Applying it to the needs I’ve had to address, it does appear that the availability of the ThesaurusConcept structure (I’d relate that to the “value” concept I use) and the ThesaurusArray structure (which I’d roughly equate to the “Classification” and probably the “Classification Level” concept I use) cover all of the needs we would have. The hierarchy we need to express between values is inherent in the ThesaurusConcept (which, in fact, is *far* more general than the hierarchy we have in use).
Not being deeply familiar with this or SKOS – can you share some insight (a pointer to a document, perhaps?) that provides details on how this differs?
Thanks again for the pointer!
January 15th, 2009 at 3:02 pm
Lee –
I’d encourage you to look at the draft ISO model that I referred to rather than the one on the BSI site, as the later model has the important addition of a “conceptGroup” structure. This is more appropriate for development into a classification scheme than the “thesaurusArray” structure. The idea of an array is that it is a group of sibling concepts, sharing a common parent to which they have a BT/NT relationship. These concepts must therefore necessarily all be of the same fundamental type, i.e. must all be in the same facet. The conceptGroup was introduced to allow concepts to be grouped without this restriction – all concepts relating to a subdivision of the subject area, for example – these groups are sometimes called “microthesauri”, “themes” or the like.

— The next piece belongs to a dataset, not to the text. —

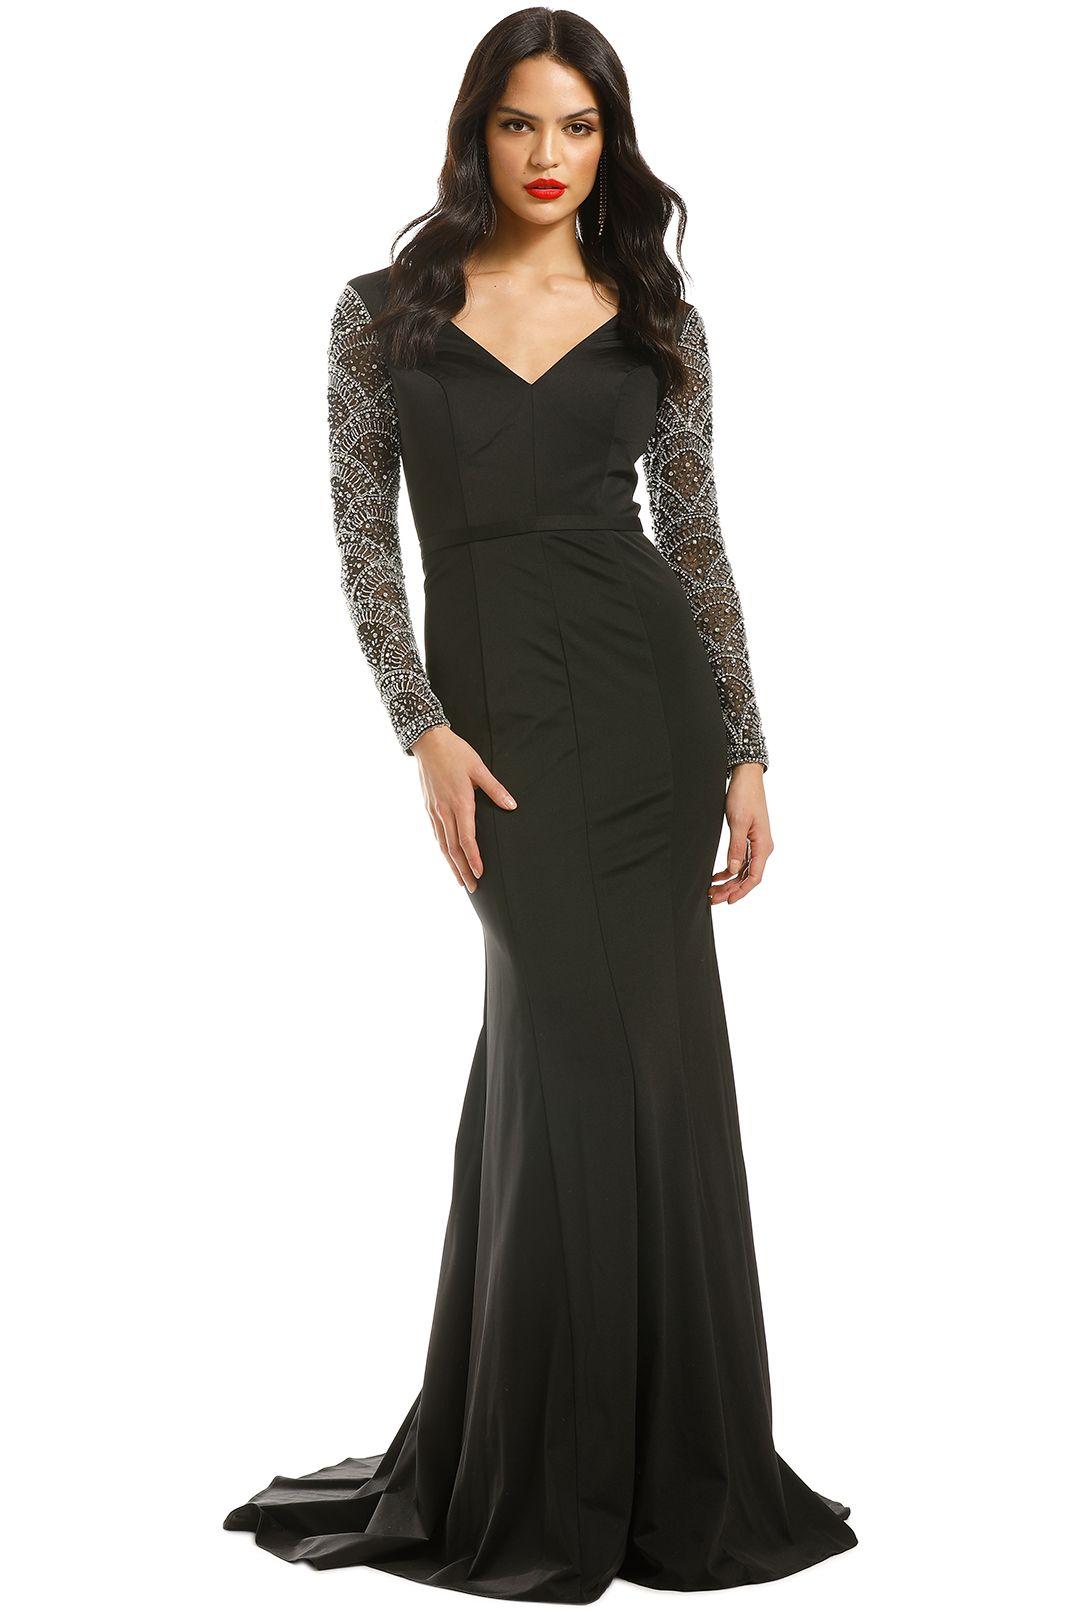 Jadore-Elizabeth-Gown-Black-Front
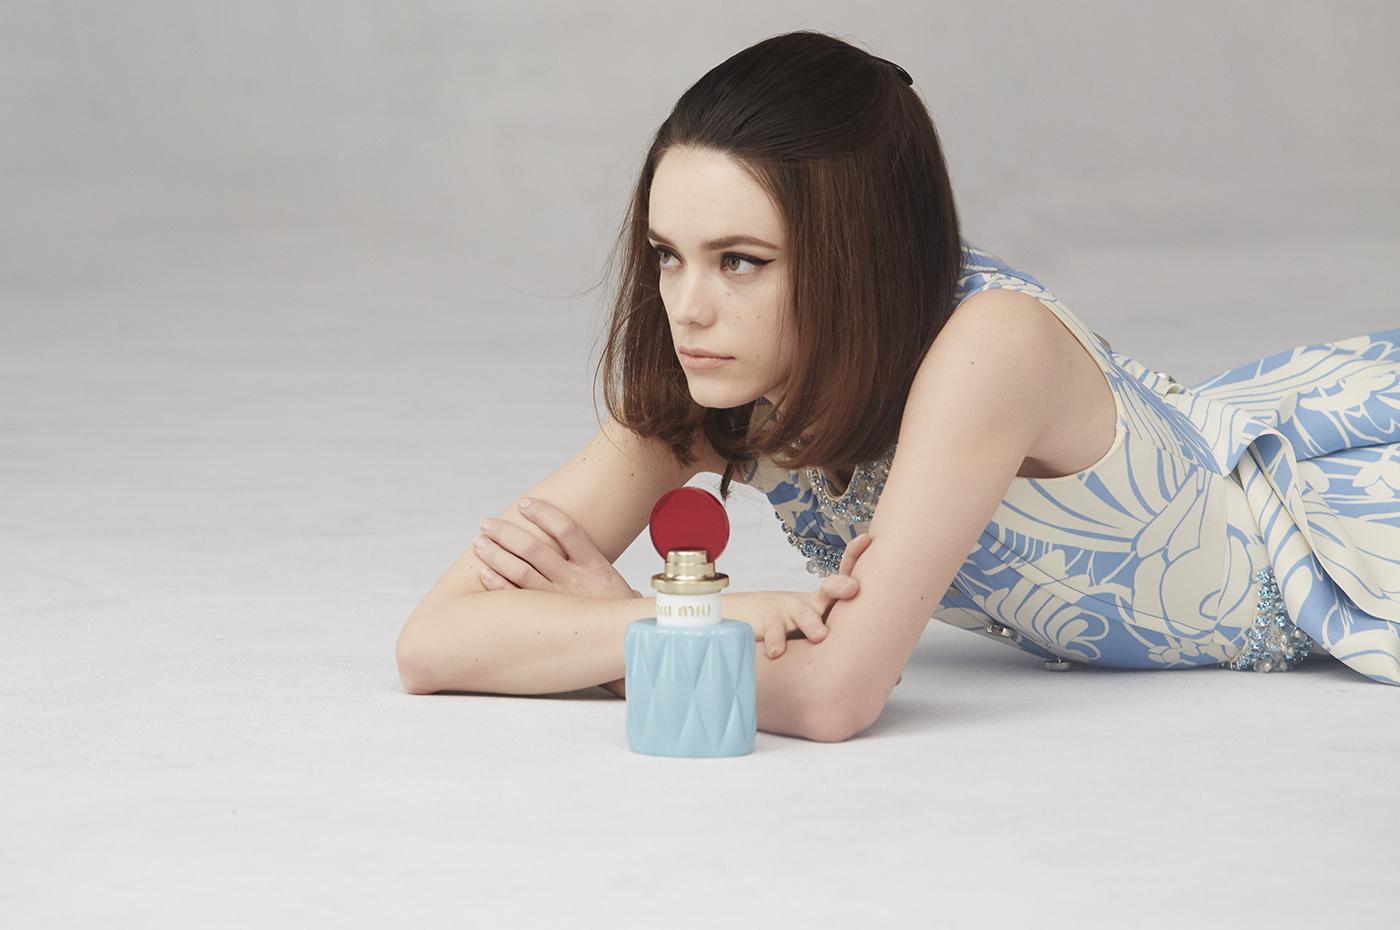 Stacy Martin & primul parfum Miu Miu

You will find more information in DD8723, available from the British Standards Institution, but unfortunately they charge for it. The ISO draft is more up-to-date, but will not be available for public comment until later this year, we hope. Again we are frustrated by the policy of these standardising bodies in not allowing us to distribute drafts for comment until they are issued officially to those who choose to pay for them. 🙁
If you don’t mind sitting through audio recordings with accompanying PowerPoint slides you might find it useful to look at the record of a meeting of ISKO UK held last year at:
http://www.iskouk.org/SKOS_July2008.htm
Leonard
January 15th, 2009 at 3:16 pm
Thanks again, Leonard – I looked at the model you’d linked to in the mailing list post but hadn’t looked closely enough to realize what the differences were. And, yes, that looks much closer to the structure we use (or, at least I can more easily see how it would translate to it).